Robust & High Performance Parallel File System Storage for HPC & AI
OnDemandPFS is an appliance based preconfigured Parallel File System Storage solution built on BeeGFS a parallel cluster file system, aimed at small to midsized HPC/AI installations.
OnDemandPFS provides high throughput specially aimed at AI workloads and can be easily scaled horizontally by adding more nodes thus increasing performance and capacity. The customers have the flexibility to choose OPEX or CAPEX business models.
Key Features
-
All Flash storage for demanding HPC/AI workloads.
-
Redundant configuration consisting of 4x BeeGFS nodes and with 8x uplinks to IB Switches.
-
System monitoring stack is included, Virtual Machines based monitoring is supported.
-
Central syslog server integration if required.
-
Based on xiRAID – the fastest RAID engine. Industry fastest drive rebuild time.
-
On Demand PFS is available in 3 configurations: 100TB/ 200TB/ 600TB.
System Architecture
The unique userspace architecture concept allows users to keep the metadata access latency (e.g., directory lookups) at a minimum and distributes the metadata across multiple servers so that each of the metadata servers stores a part of the global file system namespace.
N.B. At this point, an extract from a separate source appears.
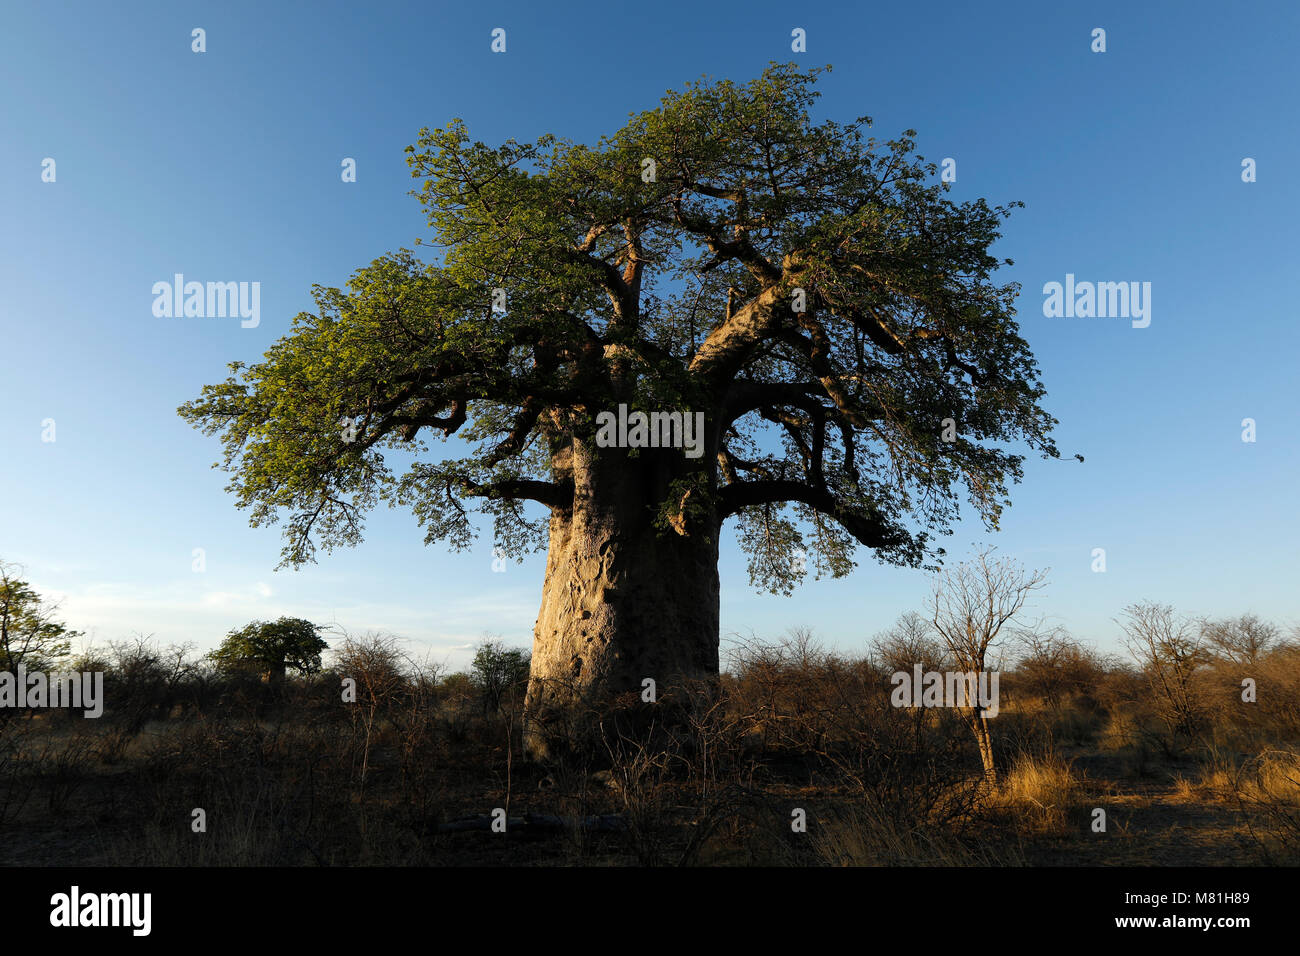 A baobab tree at dusk Stock Photo
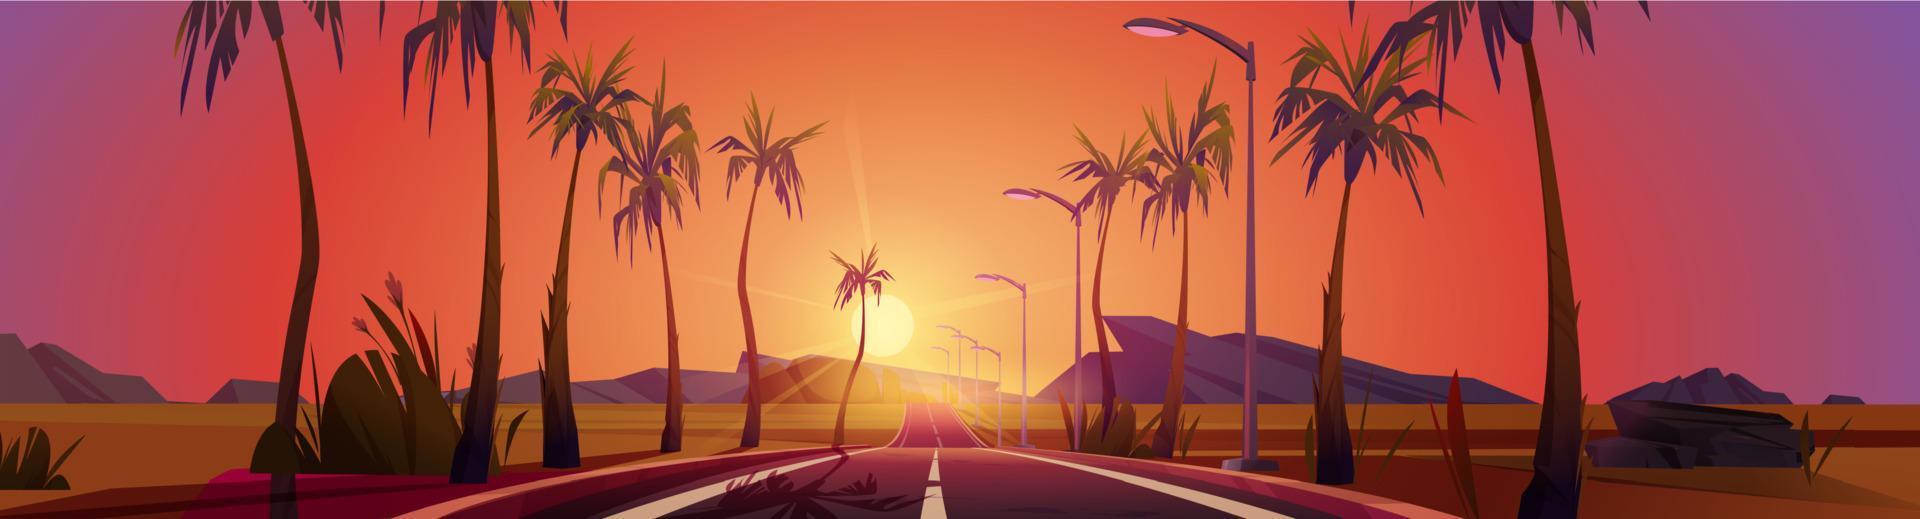 Sonnenuntergang Landschaftsstraße mit Palmen an den Seiten vektor

By increasing the number of servers and disks in the system, it is possible to scale the performance and the capacity of the filesystem to the level that you need, seamlessly from small clusters up to enterprise-class systems with thousands of nodes.

Solution Whitepaper - On Demand PFS
In the realm of high-performance computing (HPC) and artificial intelligence (AI), designing a storage
system that strikes the right balance for efficient and optimal performance poses significant challenges. These environments, often consisting of hundreds of compute/worker nodes, handle vast amounts of data to solve intricate and complex problems. They need to support both large data sets for big data analytics and numerous small files for machine learning (ML) and AI applications without
experiencing performance issues. Organizations are seeking affordable, high-performance, and highly available solutions that are also easy to manage while adapting to the growing demands of diverse I/O-intensive workloads.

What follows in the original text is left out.